··· RECORDED DATA ···
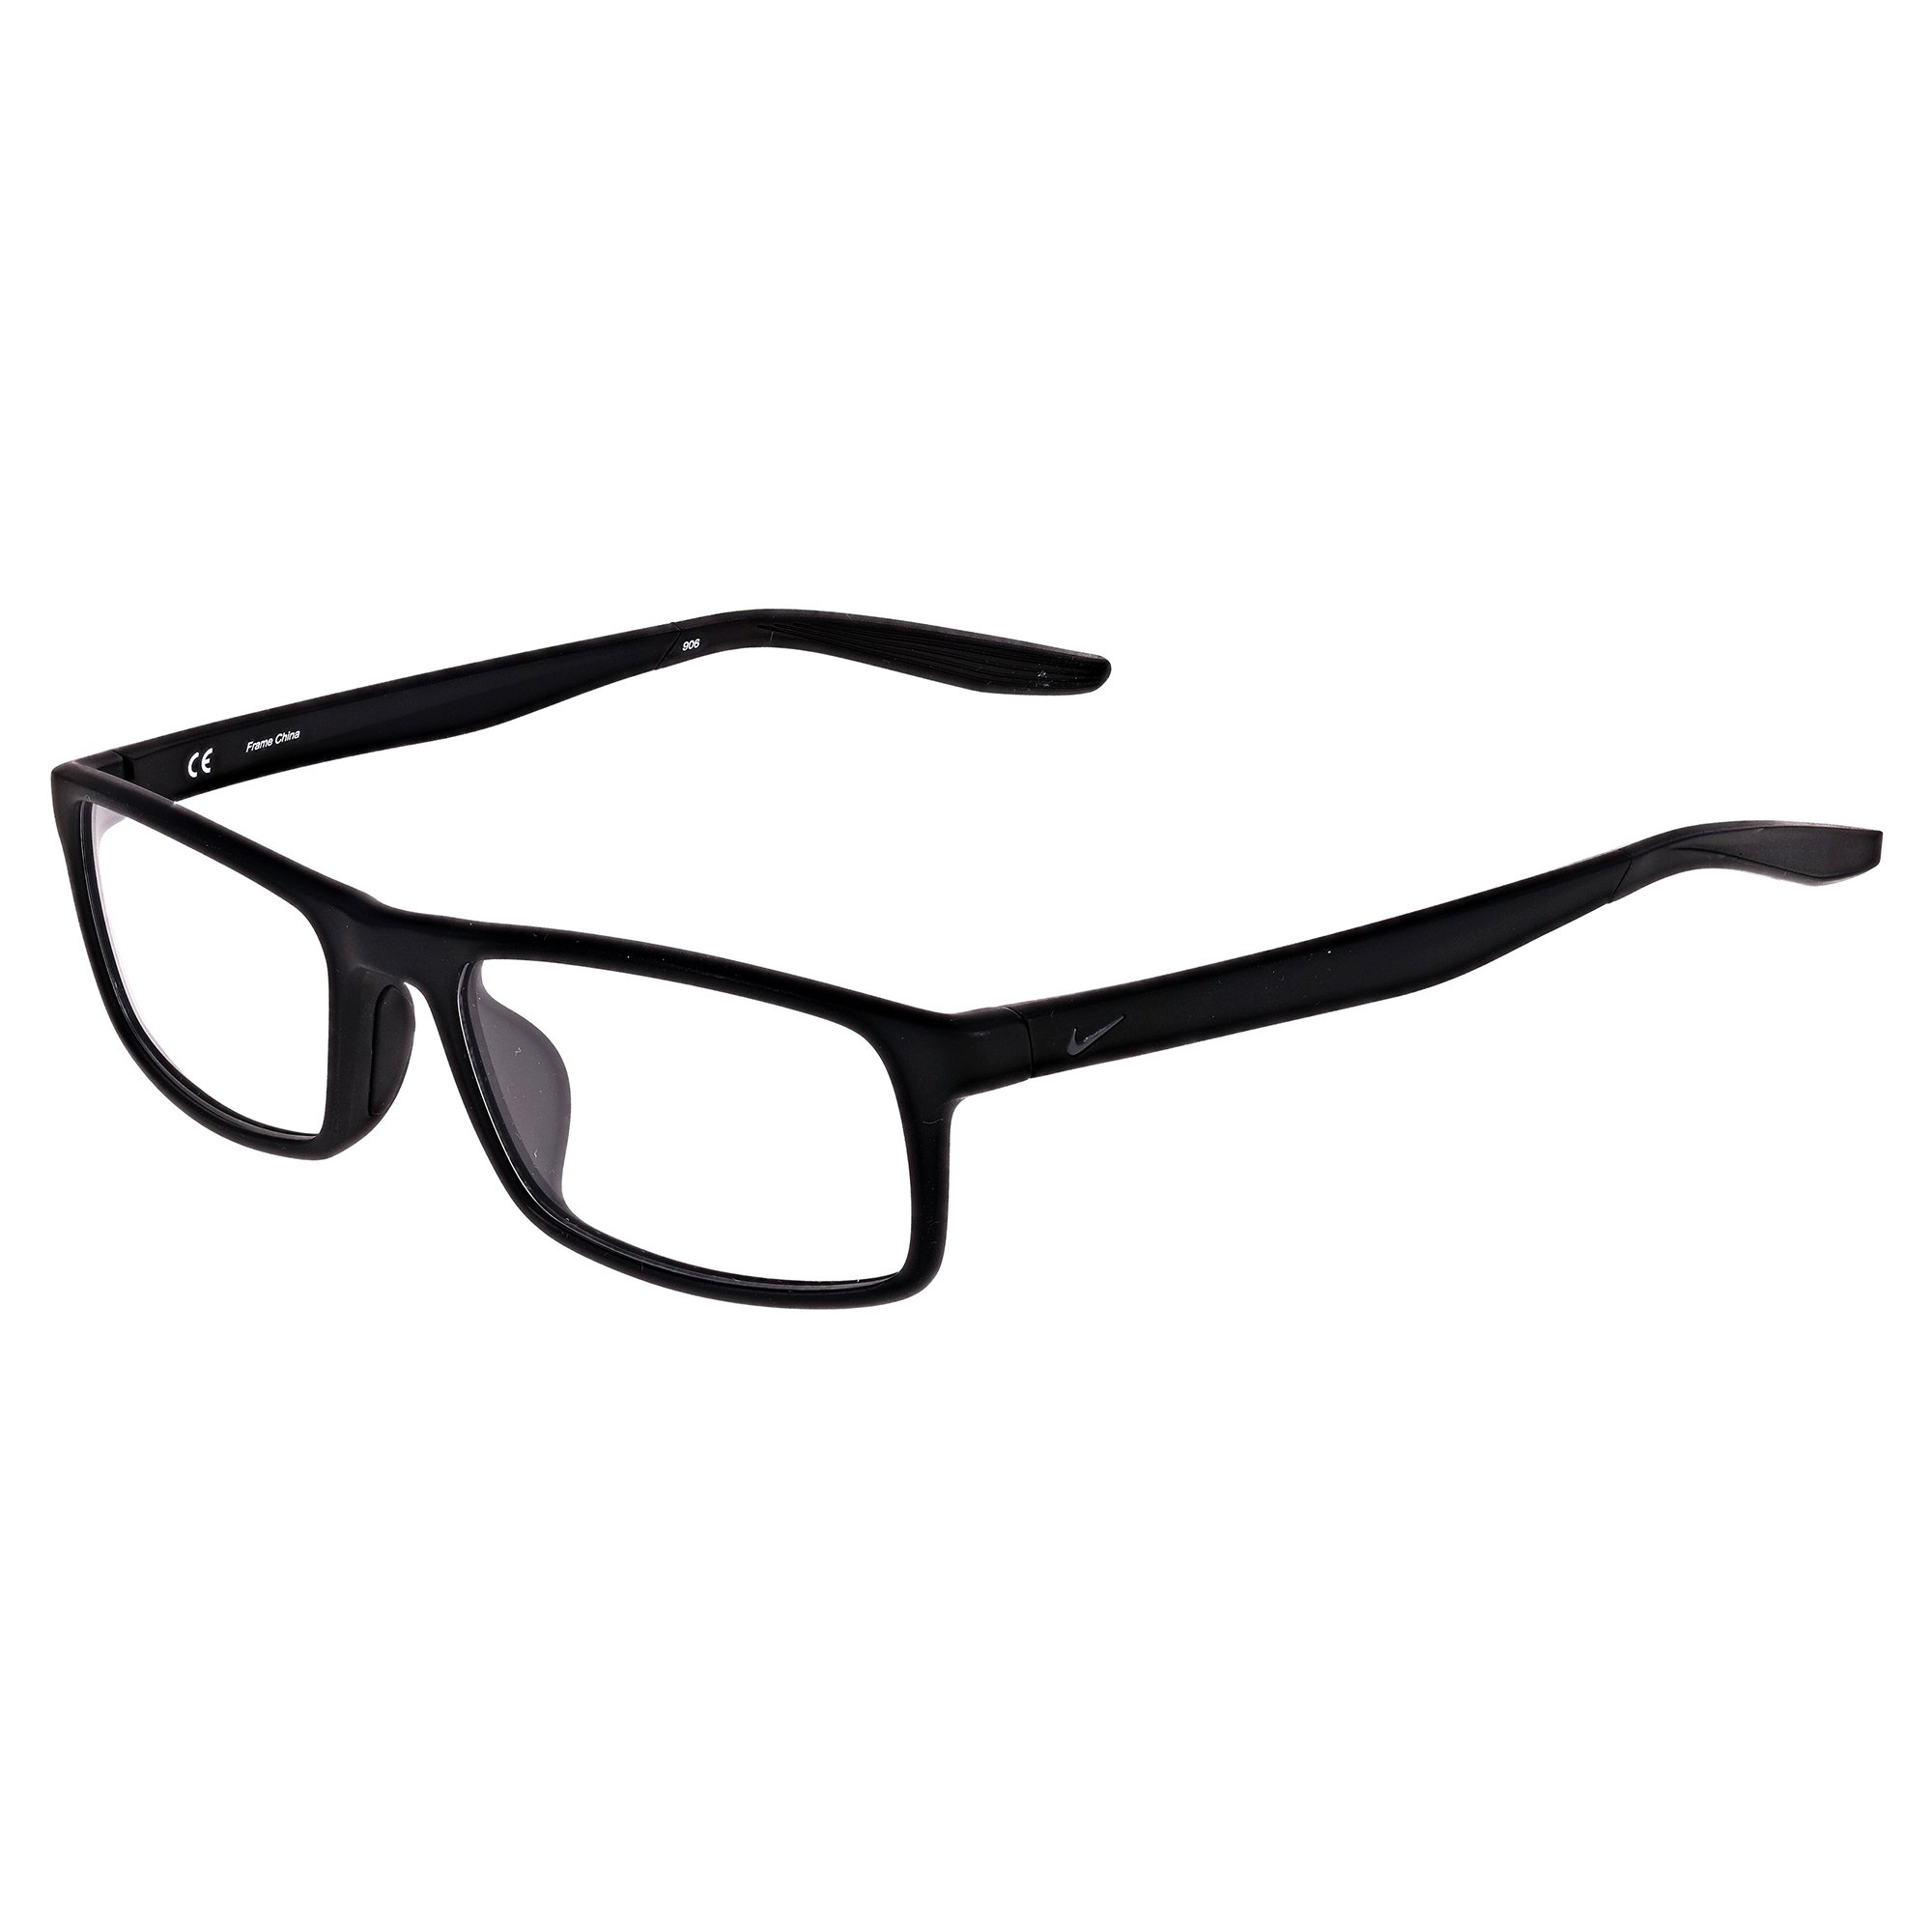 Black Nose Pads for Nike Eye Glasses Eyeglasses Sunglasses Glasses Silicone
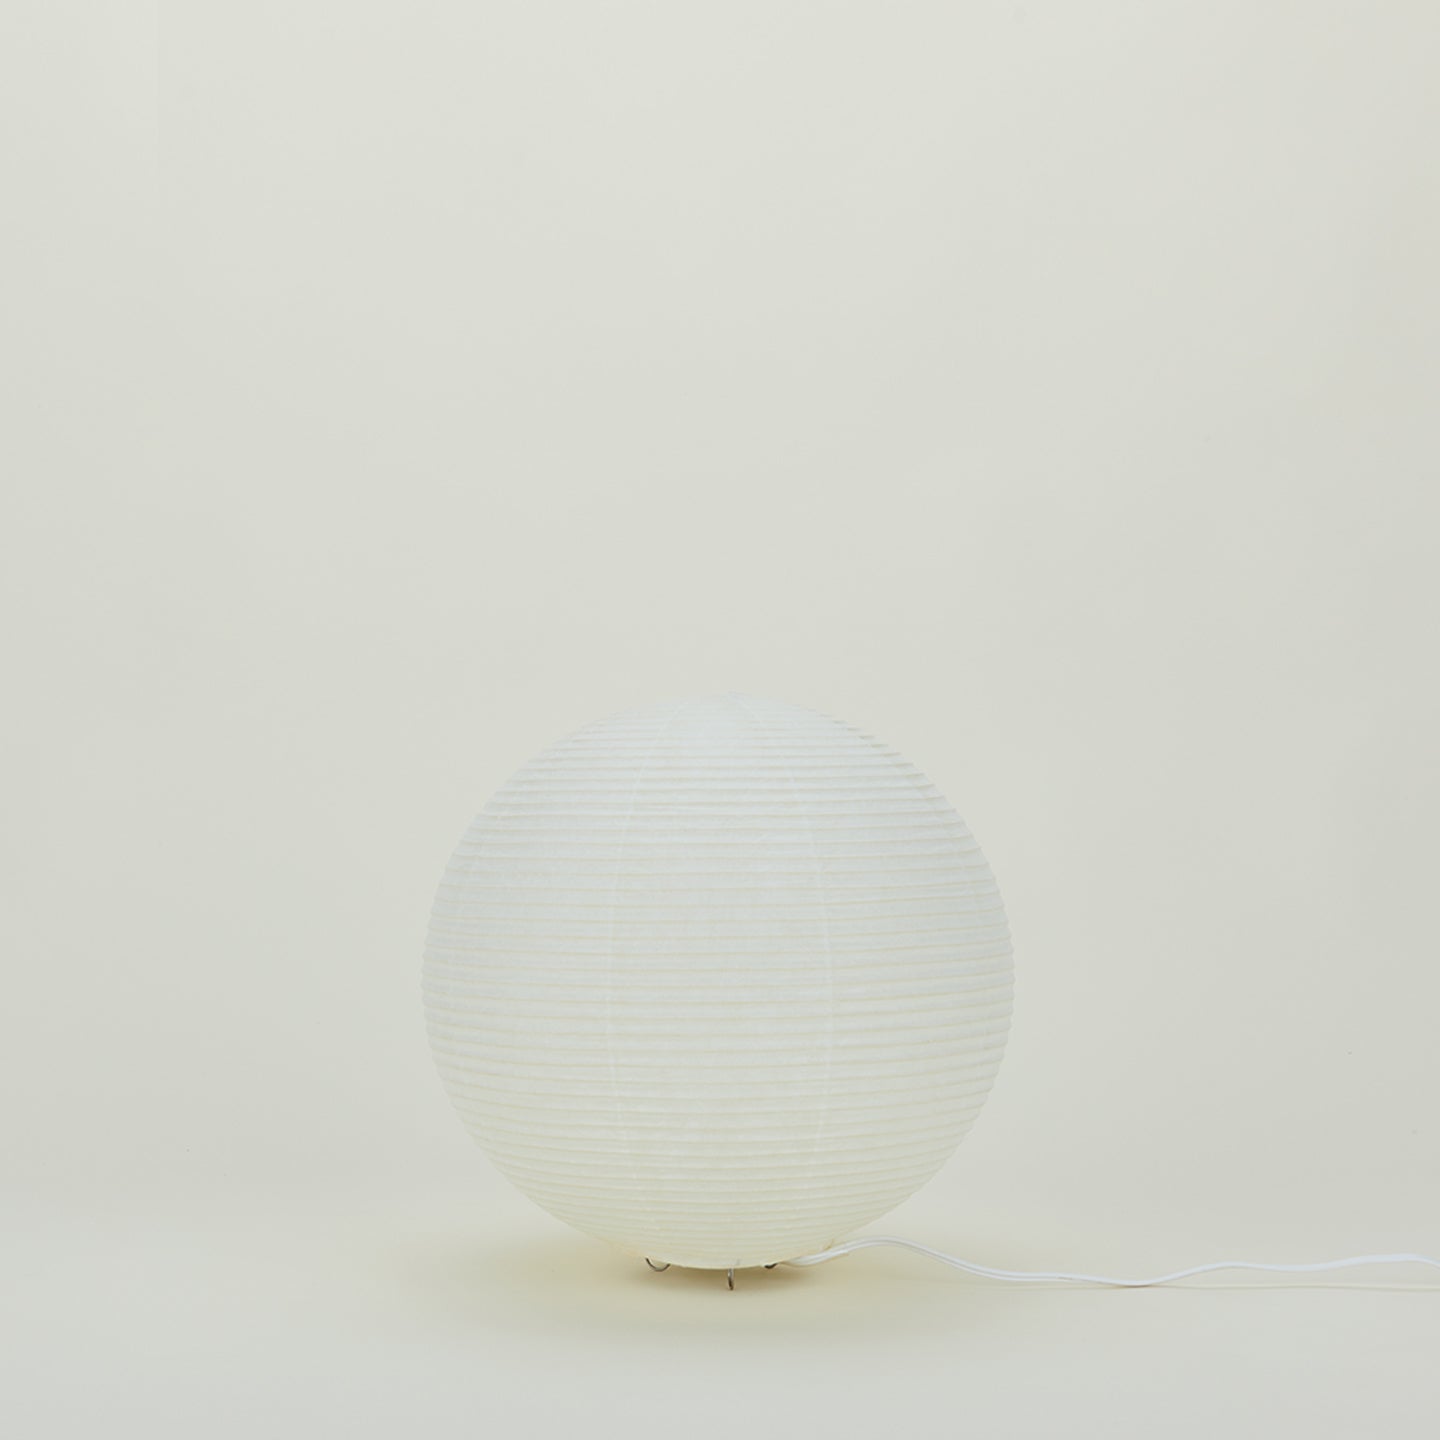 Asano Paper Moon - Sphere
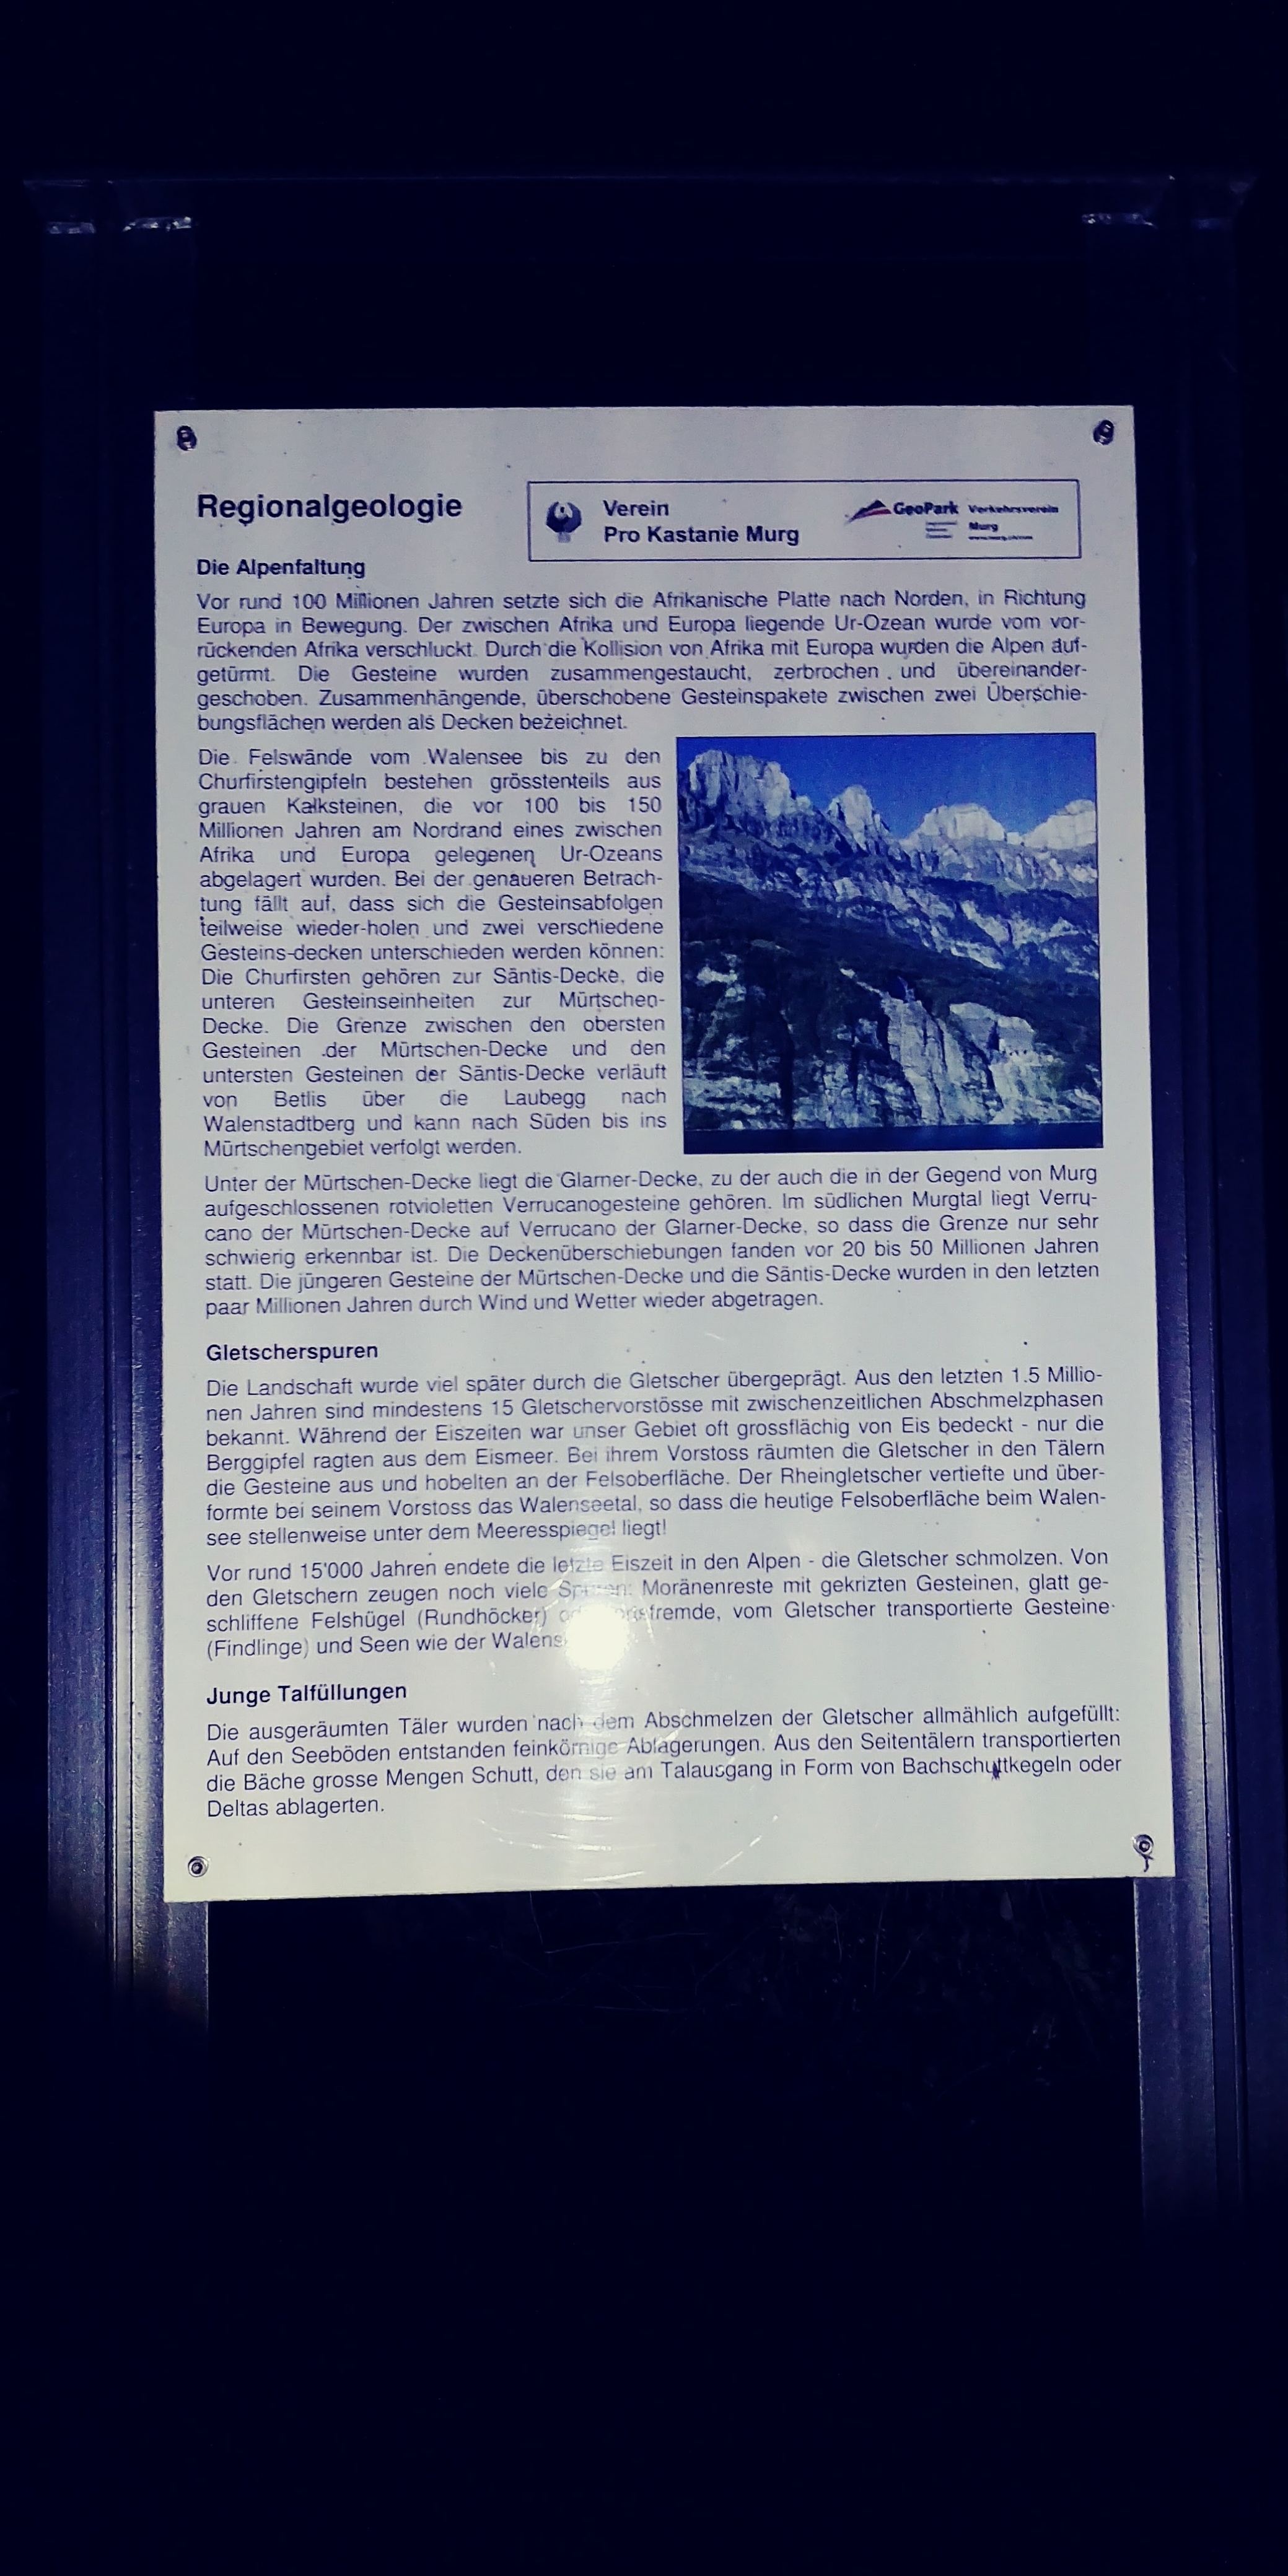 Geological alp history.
···
**TO DO:** The material above holds pictures; copy everything else in it exactly.

**ANSWER SECTION:**
 Black Nose Pads for Nike Eye Glasses Eyeglasses Sunglasses Glasses Silicone
 Asano Paper Moon - Sphere
 Geological alp history.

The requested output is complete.